Sambut Imlek, Umat Konghucu di Pangkalpinang Sembahyang Sam Sip Pu

Haryanto, iNews · Kamis 11 Februari 2021 17:41 WIB
https: img.okezone.com content 2021 02 11 340 2360635 sambut-imlek-umat-konghucu-di-pangkalpinang-sembahyang-sam-sip-pu-6MAVULFE5e.jpg Umat Konghucu di Kelurahan Bintang, Pangkalpinang sembayang Sam Sip Pu, Kamis (11/2/2021) (Foto: Haryanto)

PANGKALPINANG - Umat Konghucu di Pangkalpinang, Provinsi Kepulauan Bangka Belitung, menggelar sembahyang Sam Sip Pu (hari tutup tahun lmlek). Ritual tersebut sebagai bentuk rasa syukur dan menghormati leluhur serta memohon kebaikan ditahan baru. 

Afin, warga Kelurahan Bintang, Pangkalpinang, mengatakan merupakan hari terakhir tahun bertepatan pada tanggal 30 bulan 12 akhir tahun penanggalan Imlek.

"Sudah dari pagi tadi sembahyang. Family mulai dari anak, menantu, cucu semua kumpul di rumah," kata Afin, Kamis (11/2/2021).
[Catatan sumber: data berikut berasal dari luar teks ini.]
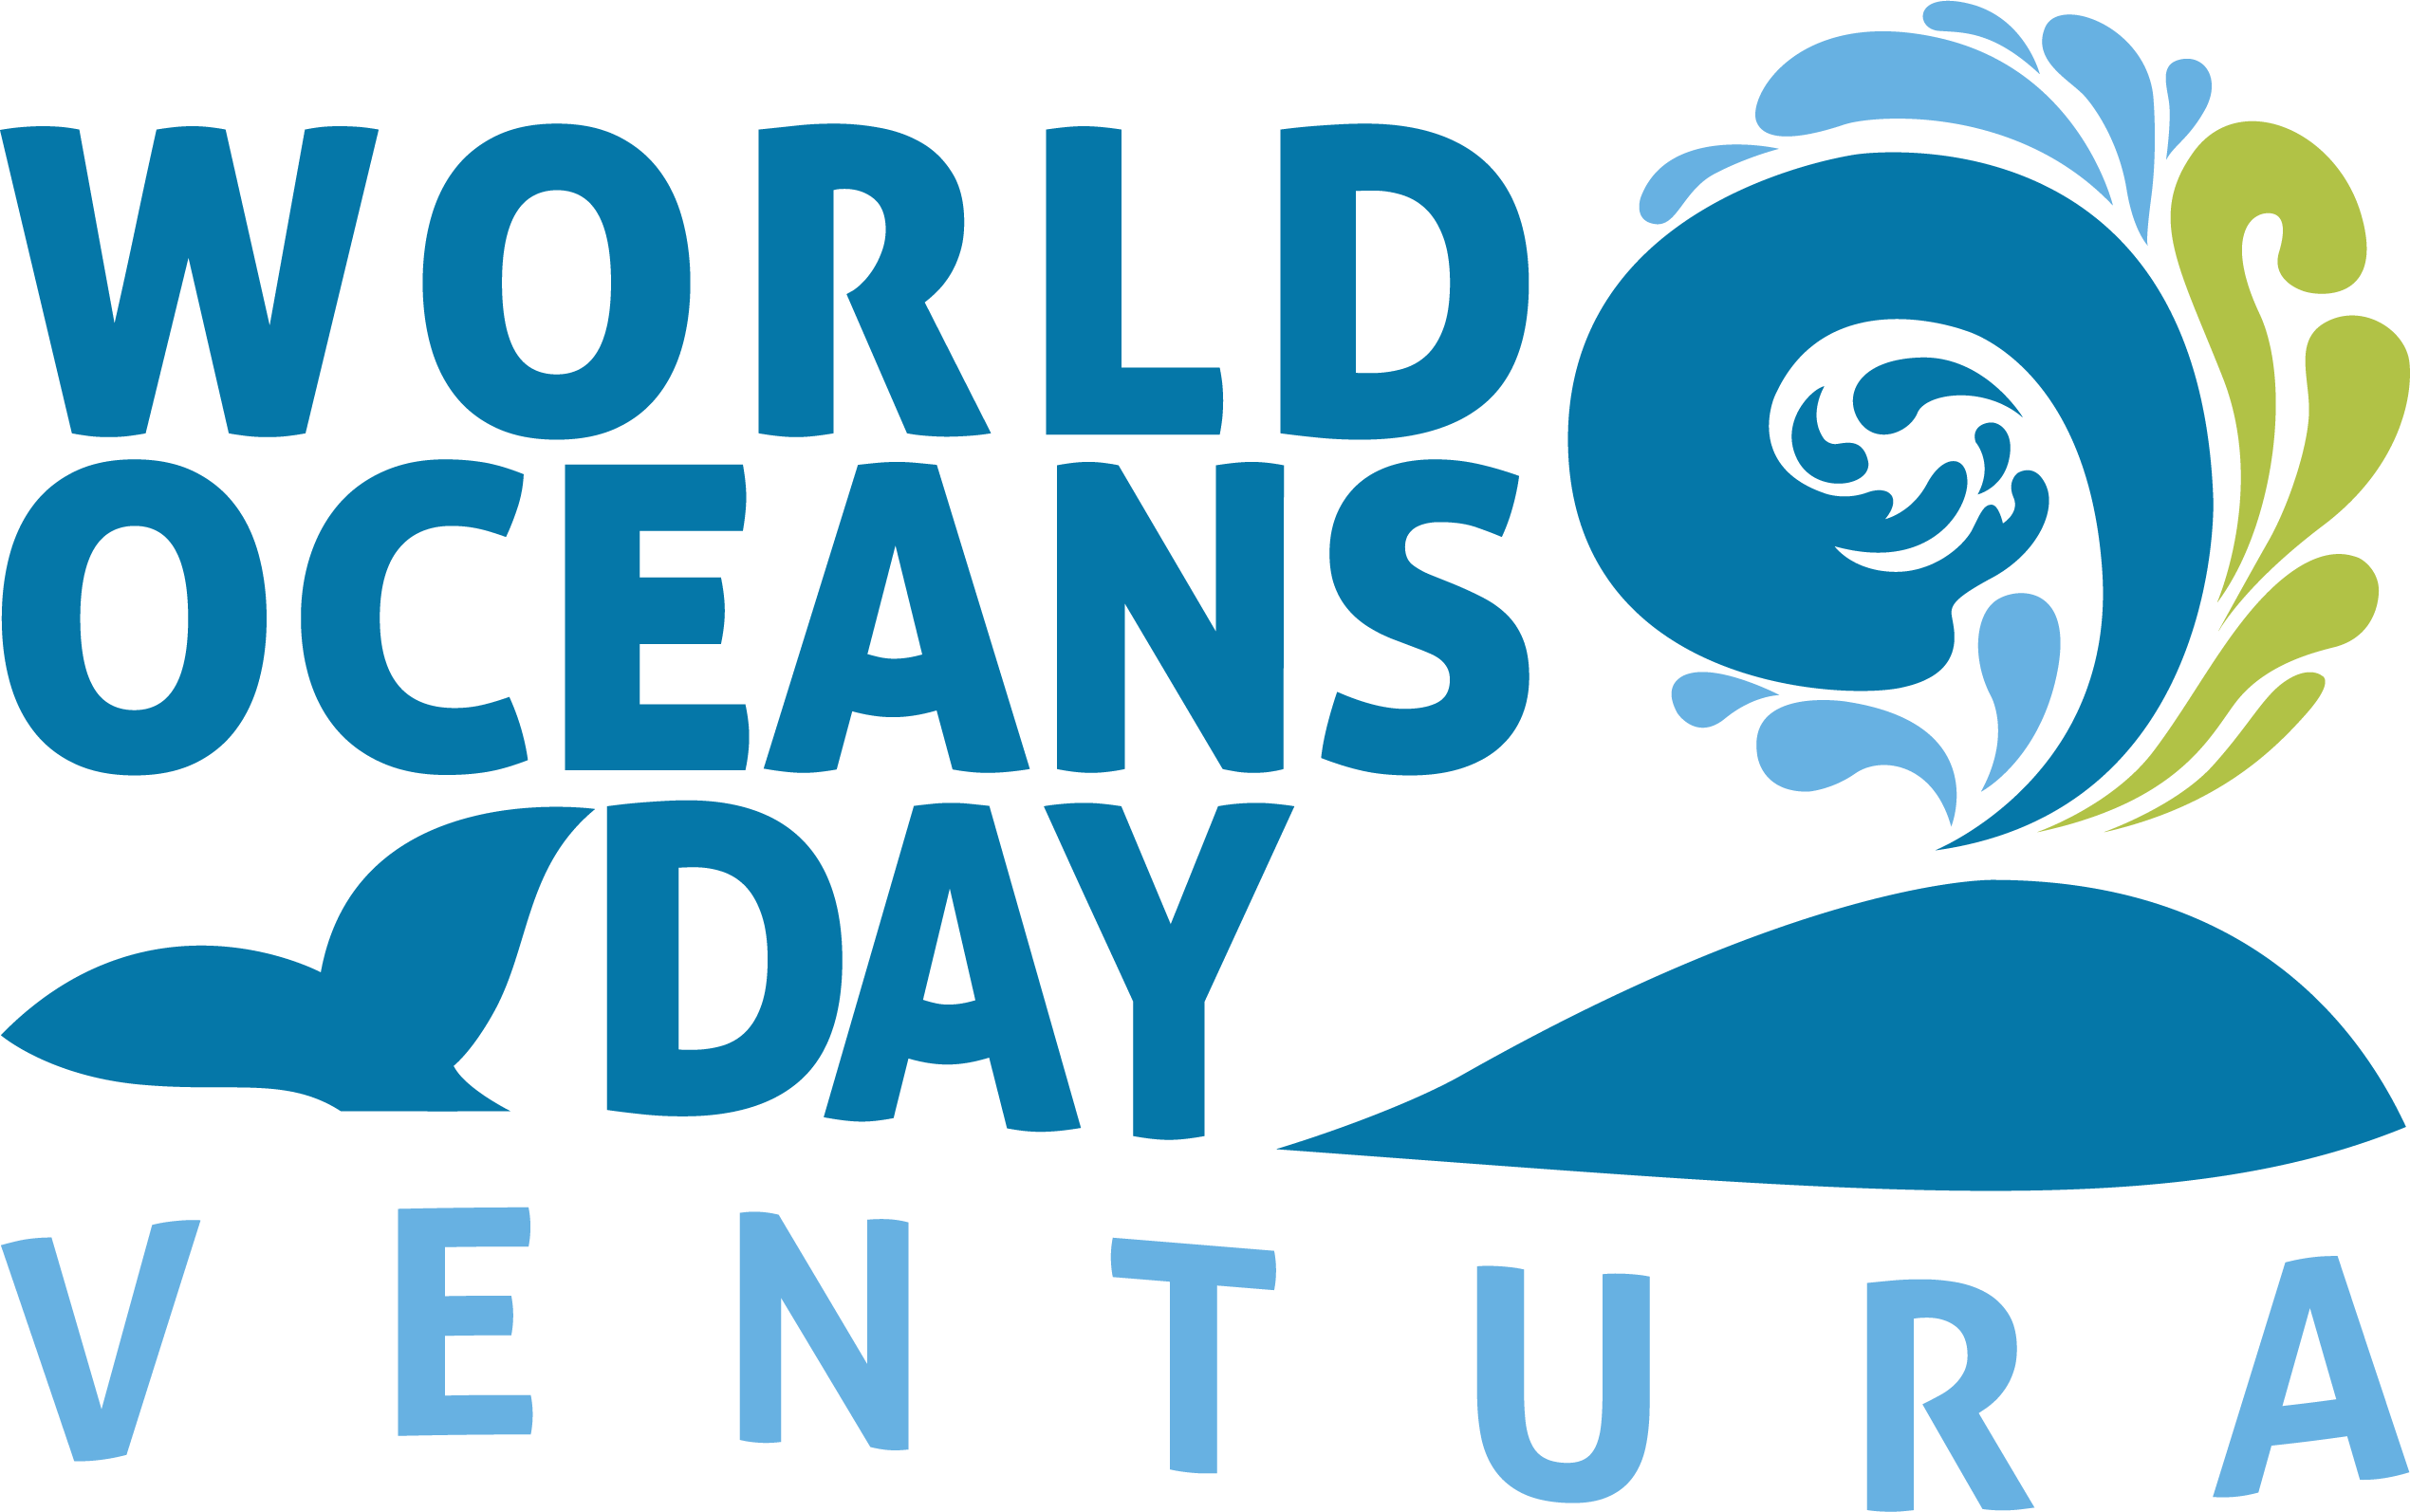 World Oceans Day Ventura

Baca Juga: Jelang Imlek 2572, Lampion dan Kertas Sembah Diburu Warga Keturunan Tionghoa di Asahan

Menurutnya, sembahyang yang digelar di depan rumah di dua buah altar yang sudah disiapkan sebelumnya, bisa dilakukan pada waktu pagi, siang, sore hingga malam hari. "Anak-anaknya cucu yang datang sembahyang secara bergantian. Nanti malam pergi ke Kelenteng juga," ujarnya.

Ia menuturkan, perayaan Imlek tahun ini berbeda dari tahun-tahun sebelumnya, karena masih dalam suasana Pandemi Covid-19.

"Paling cuma kumpul-kumpul keluarga saja. Tapi tidak bisa terima tamu, karena masih dalam suasana pandemi corona ini," ucapnya.

Sam Sip Pu tidak hanya digelar di rumah saja. Pantauan media ini sejak Kamis pagi atau sehari jelang tahun baru Imlek 2572, sejumlah Kelenteng di Pangkalpinang, mulai dikunjungi umat Konghucu yang ingin sembahyang di hari Sam Sip Pu.

Baca Juga:  Rayakan Imlek dari Rumah, Pemerintah: Atraksi Barongsai Ditampilkan Virtual

Namun, gelaran di tahun ini tidak seperti tahun-tahun sebelumnya. Mereka yang datang ke Kelenteng wajib menerapkan protokol kesehatan Covid-19, agar terhindar dari paparan corona. Mereka juga di minta untuk menjaga jarak antara satu sama lain dan menghindari kerumuman.

Sementara itu, antraksi barongsai yang selalu menghibur warga di malam sambut tahun baru Imlek, ditiadakan untuk sementara waktu.